Il y a quelque chose de profondément canadien dans cette décision, au sens le plus noble du terme. Non pas le Canada naïf qui croit qu’un chèque de 8 millions peut sauver le monde. Mais le Canada qui refuse de croire que laisser souffrir des gens est une politique étrangère acceptable. C’est un Canada qui dit : nous existons, nous avons des valeurs, et ces valeurs ne sont pas à vendre même quand Washington fait les gros yeux. Ce Canada-là mérite d’être vu.
Ce que cette aide révèle sur les valeurs en jeu
L’aide humanitaire comme boussole morale
Au-delà de la géopolitique, au-delà des calculs diplomatiques, il y a une question fondamentalement éthique au cœur de ce débat : a-t-on le droit de laisser souffrir des populations civiles pour faire plier leurs gouvernements ? La réponse du droit international humanitaire est claire et non ambiguë : non. Le droit international interdit explicitement d’utiliser la famine ou le dénuement des populations civiles comme arme de guerre ou de pression politique. Ces principes, codifiés dans les Conventions de Genève et leurs protocoles additionnels, dans la Charte des Nations Unies, dans des décennies de jurisprudence internationale, constituent un socle minimal de civilisation que la communauté internationale s’est engagée à respecter.
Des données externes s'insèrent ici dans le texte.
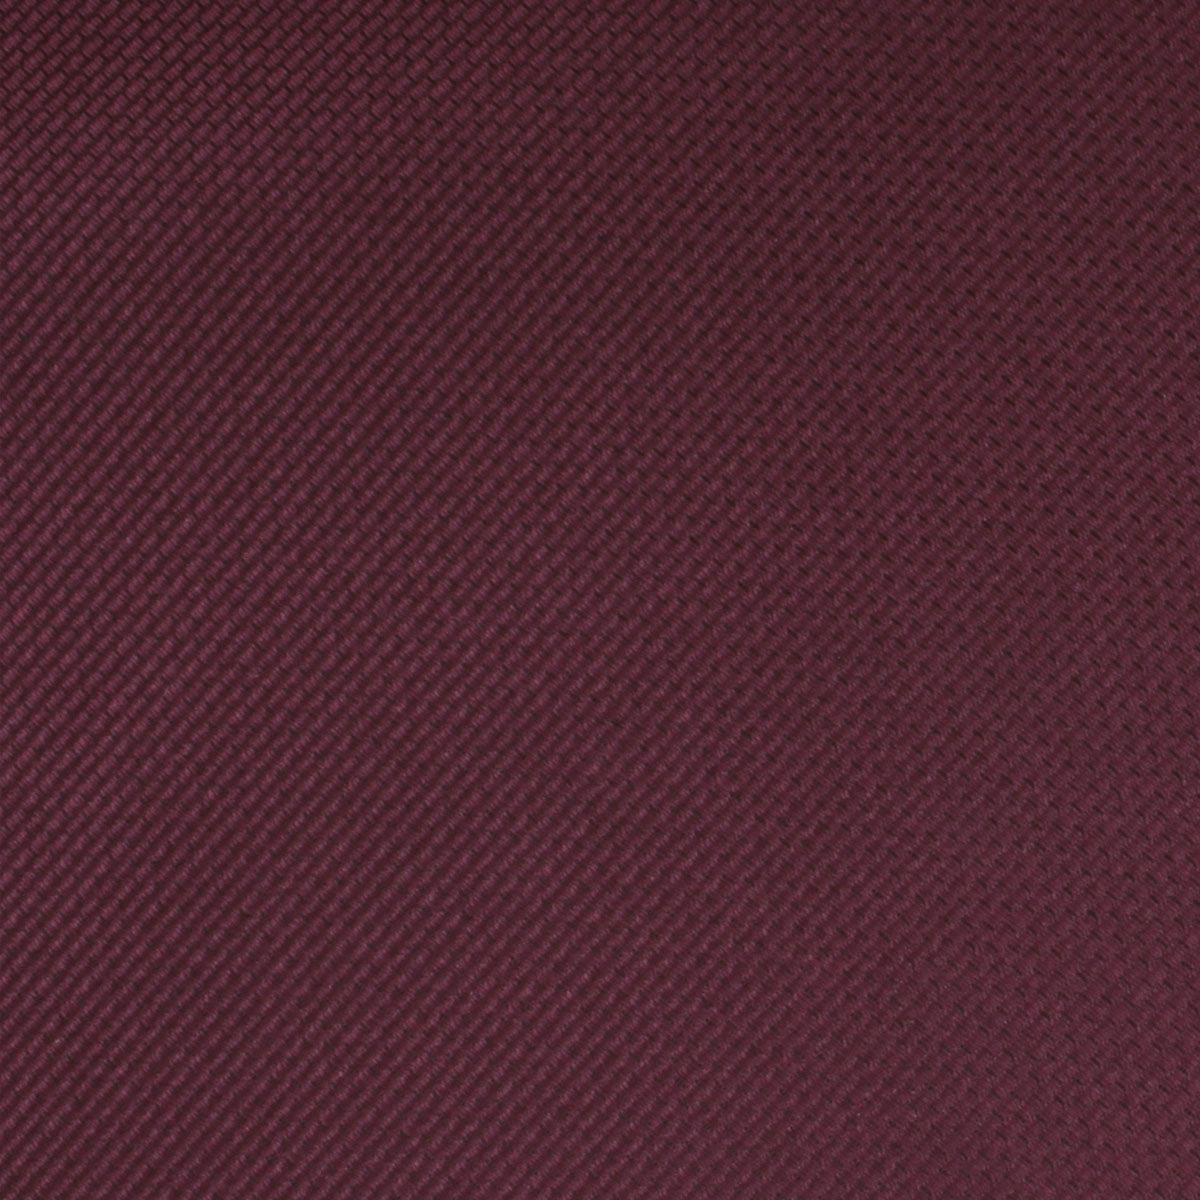 Garnet Wine Burgundy Weave Bow Tie Fabric

Les sanctions économiques, lorsqu’elles sont conçues de manière à priver délibérément des populations civiles de nourriture, de médicaments et d’énergie, posent un problème juridique et moral sérieux que les défenseurs de l’embargo américain esquivent systématiquement. Il ne s’agit pas d’absoudre le régime cubain de ses responsabilités propres. Il s’agit de reconnaître que, quel que soit le gouvernement en place à La Havane, des millions de personnes n’ayant aucun contrôle sur ce gouvernement n’ont pas à en être les otages. C’est cette ligne morale que le Canada, avec ses 8 millions de dollars, choisit de ne pas franchir. Et c’est cette ligne que l’administration Trump franchit allègrement, au nom d’une lutte pour la liberté dont les Cubains ordinaires ne voient pas la couleur.
L’argent des contribuables canadiens et la question de l’efficacité
Une question légitime mérite d’être posée : l’aide humanitaire à Cuba est-elle efficace ? Est-elle correctement ciblée ? Atteint-elle vraiment les populations dans le besoin, ou est-elle en partie captée ou détournée par les structures de l’État cubain ? Ces questions sont sérieuses et méritent des réponses sérieuses. Les organisations humanitaires qui opèrent à Cuba — parmi lesquelles des agences onusiennes comme le Programme alimentaire mondial, des ONG internationales reconnues, des organisations confessionnelles avec une longue présence sur le terrain — ont développé des mécanismes de distribution directe qui contournent autant que possible les structures étatiques. L’aide canadienne, acheminée via ces canaux établis et auditables, bénéficie de décennies d’expérience opérationnelle dans un environnement difficile. Rien n’est parfait. Mais l’alternative — ne rien faire au motif que l’acheminement est imparfait — est une capitulation morale habillée en prudence budgétaire.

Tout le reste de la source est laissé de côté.